Gratis online lesen
Data management needs and their web based application have changed dynamically in the last few years. Strict data and variety of features consistency is provided by the relational databases. NoSQL databases have been developed due to massive cost of storing and manipulating data in classical relational database systems. NoSQL databases provide more scalability and heterogeneity when compared to RDBMS. MongoDB is only NoSQL database which provides high scalabilty, performance and availability. MongoDB’s documents are encoded in a JSON like format called BSON. MongoDB is a document based NoSQL database designed for Internet and web based applications. Its Data model is easy to build on due to its inherent support for unstructured data. It doesn’t require costly and time consuming migrations when application requirements change as compared to other RDBMS. This paper describes the advantages of MongoDB when compared to other NoSQL databases and its applications in sentiment analysis.
There was an enormous growth in the database sizes during the last decade. This made monolithic database systems struggle to keep up with today’s requirements as database size is increasing day by day. Well known products on RDBMS traits are available today. Because of the sheer size of the data or for the purpose of load balancing have to rely on custom built relations or utilize alternative database systems applications those require data and or functional partitioning, With the high demand for multi-machine databases distributed partitioning implementation has become a real challenge, Now whole set of NoSQL (not only SQL) databases 1 have emerged to fill the gap of RDBMS. Divergence from the relational data model, simplification of transactional model and transaction processing and most importantly the shift to the imperative programming model from the declarative style SQL language are the common features of NoSQL products. Viable alternatives are being used in place of Relational databases, such as NoSQL 2 databases, for reasons of scalability and heterogeneity. MongoDB, a NoSQL database, is known for its agile database built for scalability, performance and high availability. Single server environment 3 and also complex multi-site architectures both can be used to deploy it. The application of MongoDB in twitter sentiment analysis is also a noticing one. In this paper we compare MongoDB with other NoSQL databases based on different factors. Some of its applications in sentiment analysis are also listed.

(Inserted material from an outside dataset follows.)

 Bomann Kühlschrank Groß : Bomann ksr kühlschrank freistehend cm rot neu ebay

Data models are well designed to be a bit flexible in order to support the storage needs coming from applications dealing with highly heterogeneous data. Also, the wide-spread use of dynamically typed scripting languages has made less strictly structured background storage system favourable. While a highly generic data model looks reasonable from the aspect of the client, efficient server-side processing makes certain restrictions on the data model necessary.
As a result, many NoSQL systems offer semi structured models and list-like data types. A primary objective of NoSQL database systems is to evenly distribute data among shards.
No SQL Data Models
- Key-values Stores
Using a hash table where there is a unique key and a pointer to a particular item of data is the main idea used here. The simplest and easiest to implement here is the key/ model value. Among other disadvantages, it is inefficient when you are only interested in querying or updating part of a value.

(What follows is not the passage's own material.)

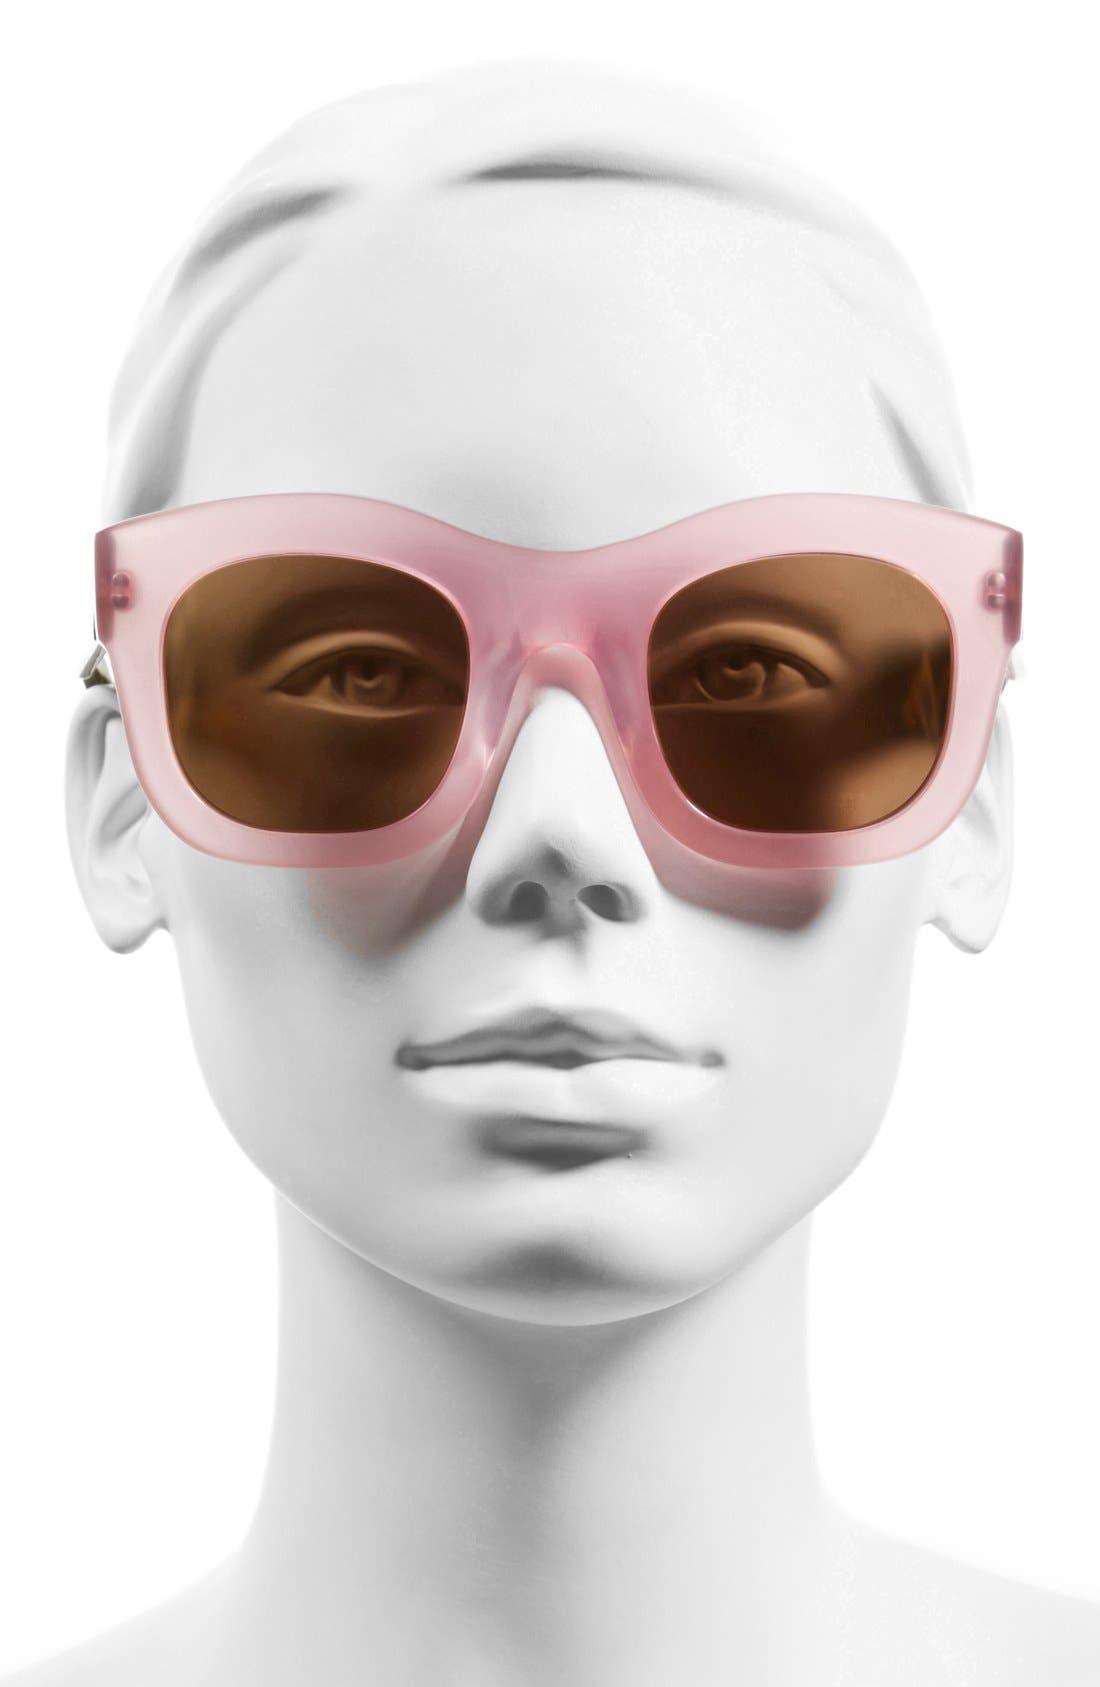 'Hamilton' 49mm Retro Sunglasses,                             Alternate thumbnail 20, color,

Examples: Redis, Voldemort, Oracle BDB, Amazon SimpleDB, Riak4
- Column Family Stores
Column family stones were created to store and process very large amounts of data distributed over many machines. There are also keys that point to multiple columns. The columns are arranged by column family. Examples: Cassandra, HBase
- Document Databases- These were inspired by Lotus Notes and therefore similar to key-value stores. These are basically versioned documents and these are collections of other key-value collections. The JSON. Document databases are the formats in which semi-structured documents are stored. A physical container for collections is known as a database. Every database gets its own files on the file system and a single MongoDB server typically has multiple databases.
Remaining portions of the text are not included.